Jakarta – Direktur Jenderal Penyelenggaraan Haji dan Umrah Kementerian Agama (Kemenag) RI Hilman Latief mengatakan Kemenag tidak melakukan jual beli kuota haji tambahan dari Pemerintah Arab Saudi untuk dijadikan kuota haji khusus. Dia membantah tudingan Komisi VIII DPR RI yang menilai adanya indikasi dugaan korupsi dalam penyelenggaraan Haji 2024.
“Kemenag tidak jualan kuota. Dalam MoU antar menterinya [Kemenag-Menteri Haji Saudi] angkanya memang segitu, kan kita tidak boleh jual-jual sembarangan,” katanya, Senin (15/7/2024).
Hilman menyatakan sangat senang saat mengetahui adanya tambahan kuota haji 20.000 tersebut. Dia mengatakan bahwa pihaknya berupaya mengatur pembagian kuota hingga pemberian layanan kepada jemaah, saat masih di Indonesia dan di Tanah Suci.
“Kementerian Agama juga senang dan sekaligus juga berpikir keras.

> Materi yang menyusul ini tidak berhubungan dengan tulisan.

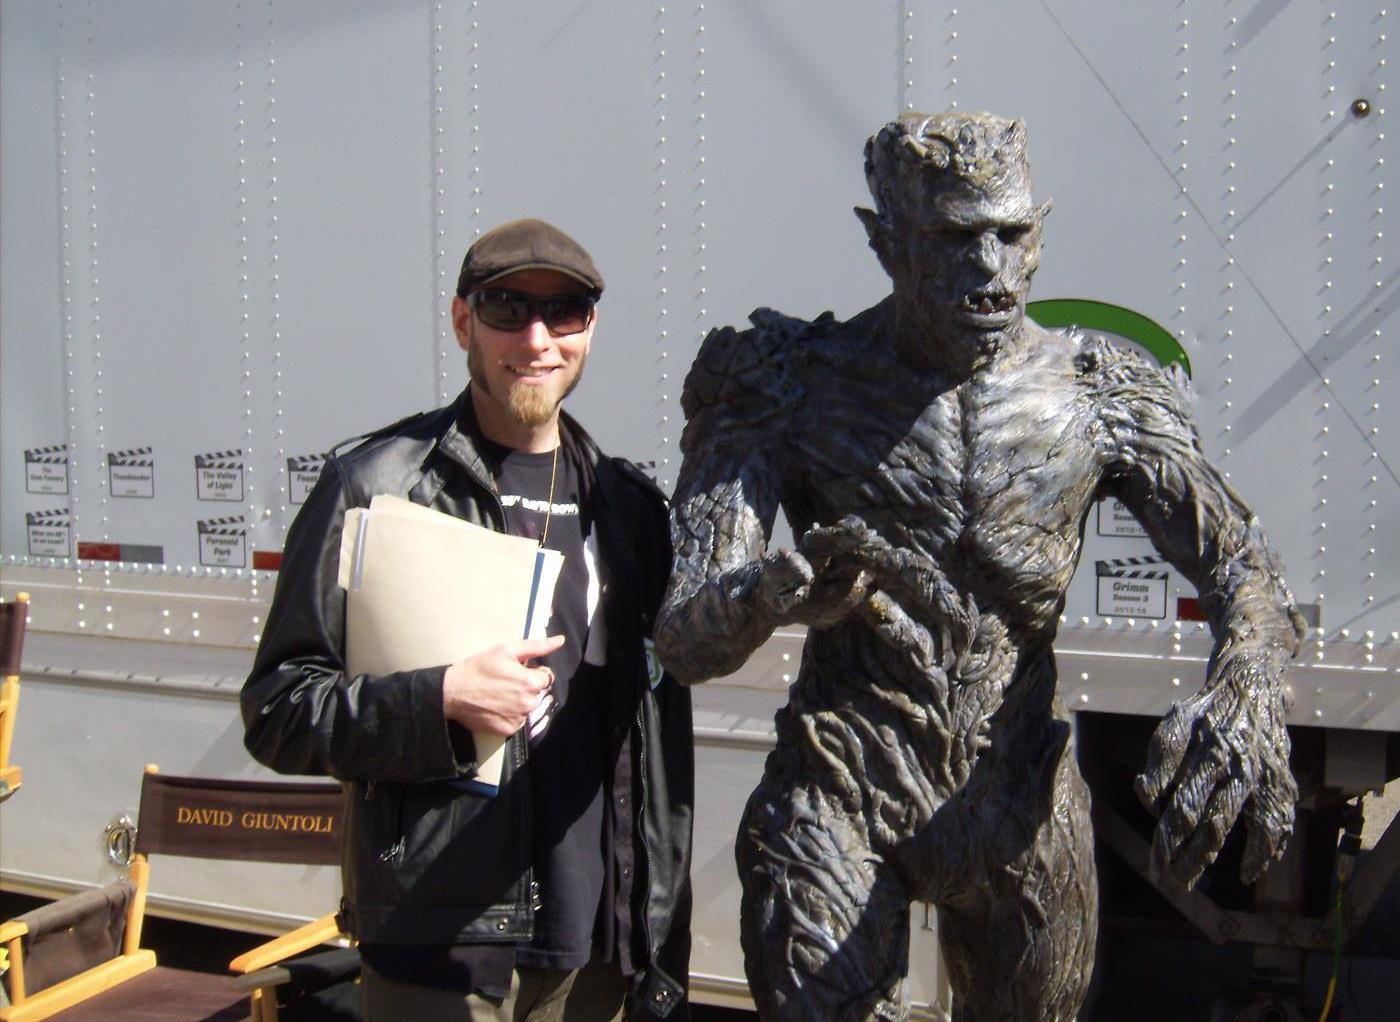 Danny with Character from T.V. Series Grimm. 2013

Kira-kira bagaimana cara membawanya ke sana? pembagiannya, kemudian juga layanannya di Tanah Air, layanannya di sana, dan seterusnya. Dan kami juga berangkat ke Tanah Suci, berdiskusi dengan Kementerian Haji dan Umroh terkait dengan kuota ini,” ujarnya.
Hilman mengatakan alasan pengalihan tambahan 10.000 kuota haji ke haji khusus, salah satunya atas hasil perhitungan simulasi kepadatan yang dilakukan Kemenag RI dengan Kementerian Haji Arab Saudi. Dia menjelaskan bahwa kuota untuk haji khusus yang diambil dari kuota tambahan adalah ketentuan dari pihak Kerajaan Arab Saudi, jika tidak ada persetujuan dari Arab Saudi maka tidak akan bisa diproses.
“Tambahan yang ada kemudian kita diskusikan yang paling memungkinkan. Karena itu sudah kita hitung juga kalau kita tambah full berapa kira-kira kepadatan [di Mina] akan bertambah,” ucapnya.
Adapun dia mengungkap hal utama yang menjadi pertimbangan adalah kepadatan jemaah haji dengan penambahan kuota tersebut. Kemenag dan Kementerian Haji menyoroti simulasi saat puncak haji di Arafah, Muzdalifah, dan Mina (Armuzna).
Pasalnya, Kemenag mengingat kapasitas Mina yang terbatas dan tenda-tenda di maktab yang sempit. Dia menjelaskan bahwa di Mina terdapat 5 sektor dan jemaah Indonesia biasanya ditempatkan di sektor 3 dan 4. Sedangkan, untuk sektor 1 dan 2 diperuntukkan bagi jemaah haji khusus. Adapun di sektor 3 dan 4, jemaah Indonesia bersempit-sempitan dengan jemaah lainnya, bukan hanya dari sesama
Indonesia tetapi juga berbagi dengan jemaah dari negara lain, di antaranya, Malaysia, China, dan Filipina. Kemudian, Hilman menegaskan bahwa dirinya tidak bisa membayangkan kepadatan yang akan terjadi jika kuota tambahan sebanyak 20.000 tersebut untuk jemaah haji reguler dengan maktab yang terbatas.
Pada akhirnya, dengan alasan kepadatan dan keamanan, pihak Kemenag RI memutuskan untuk memasukkan kuota haji tambahan ke zona 2 yang relatif masih kosong, dengan jalur yang biasanya diperuntukan untuk jemaah haji khusus.
“Nah kemudian di situlah didorong ke zona 2, yang relatif masih kosong tapi itu beda jalur biasanya dipakai oleh haji khusus,” katanya.
Hilman mengungkap bahwa hal itu merupakan rekomendasi dari Kementerian Haji Arab Saudi pada Januari 2024, dengan tambahan 20.000 kuota itu dibagi rata antara reguler dan khusus.
“Jadi betul ada situasi-situasi teknis, hasil kajian teknis yang kemudian kita simulasikan seperti itu (dialihkan). Jadi bukan dijual, karena Kemenag juga tidak jualan kuota,” ucapnya.
Berdasarkan rekomendasi tersebut, Kemenag RI telah berupaya menyampaikan informasi pembagian kuota haji itu kepada Komisi VIII DPR RI. Namun, menurut Hilman, saat itu berdekatan dengan Pemilihan Umum (Pemilu) 2024, sehingga penyampaian informasi tersebut tersendat.
“Ada Undang-Undang. Ada aturan di sana, ada kesepakatan menteri di sana, jadi bukan Kementerian Agama jual ini, tidak lah,” tambahnya.